Houses of the Blooded was touted as an answer to D&D. I think really it was a call for everything in a game world to have the kind of polish embellished love that combat is afforded. I loved that message, and the clean mechanics that went along with it. The thing that rankled me a bit was the competitive player against player environment. This fulfilled that awesome setting to a tee, but was something that I don't think every group enjoys and I certainly didn't see fitting with my group. Kudos to the author for being daring, but I needed something that could really see some table time. Blood and Honor answers this problem by giving the players the same general goal. But there is still enough dissension among the ranks allowed to really give people some room to role-play, while still retaining some of the really neat ideas from Houses of the Blooded.
The core mechanic involves looking up which of a set of attributes applies best to tell you how many dice you roll. Beauty, Cunning, Courage, Prowess, Strength, and Wisdom cover the gamut. Even at this level, you can tell this game values physical equally with social and emotional ability (compare the 1:2 to D&D's 1:1 ratio). The ability number is modified by any applicable gear, aspects of your character that apply, and if your occupation is applicable. You roll all your dice and try to beat a flat, unchanging difficulty of 10 with the total of all your dice.
But wait, you say, if you roll more than 4 dice you'll almost never fail! Yep. Well almost. See you're not rolling to see if you succeed, you're rolling to see if you get say whether you succeed. The game calls this privilege. If you do fail, the GM says whether you succeeded or failed. Seems kind of boring at first, except there is a wrinkle. If you set aside some dice for your pool, you get to not only give a yes/no, but for each die you say a short chunk of information (a wager) which is true about your success. The more dice out, the more you get to steer where your action leads, and vicariously steer the story itself. So that's the basics, a cool narrative heavy resolution system.

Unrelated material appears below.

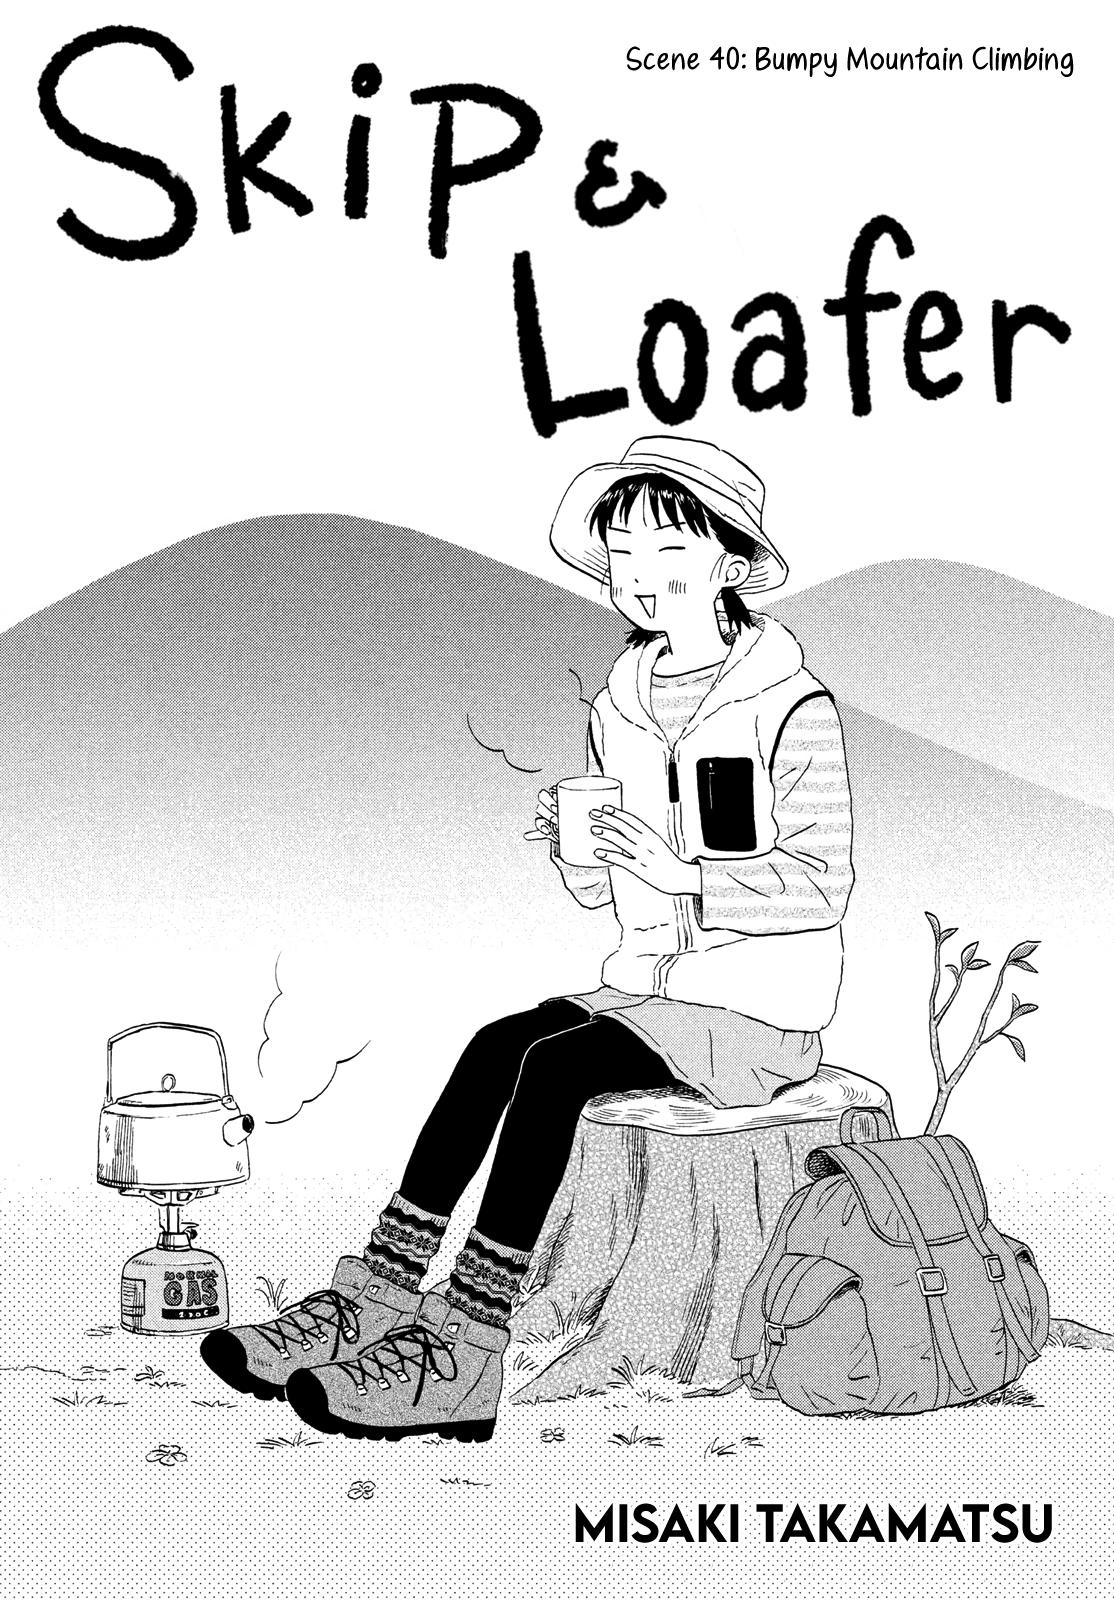 Read Skip To Loafer Chapter 41: Fluffy Spring on Mangakakalot

Now on to the depth. Really what the game is about is mimicking the tragic dynamics of Samurai literature. Moving out from the core mechanic, everything is in service of this goal. Before you even make your characters, you collectively make a clan, which determines both the situation of the PCs and the characteristics and drives that make them cohesive. This means that ultimately the clan is the important unit. This is stamped in even stronger with the detailed and enjoyable system used to populate the province that the clan lives in. The PCs themselves are the trusted advisers of a daimyo, a lord in feudal Japan, and fulfilling their job translates into a mechanical advantage. By fulfilling their Duty, they are strong. There is also a bonus when you help others in your group. Now working together is the key. But all that goody goody stuff means no drama, so you also pick an aspect which distinguishes you and may lead to your eventual downfall. Add on top of this a fate-point style system (Honor) which you can gain only by behaving in a manner which is consistent with a code of behavior. The sum total of this is that the deck is stacked for a particular type of play, one rife with drama, sword-fights, and Pyrrhic wars amongst clans.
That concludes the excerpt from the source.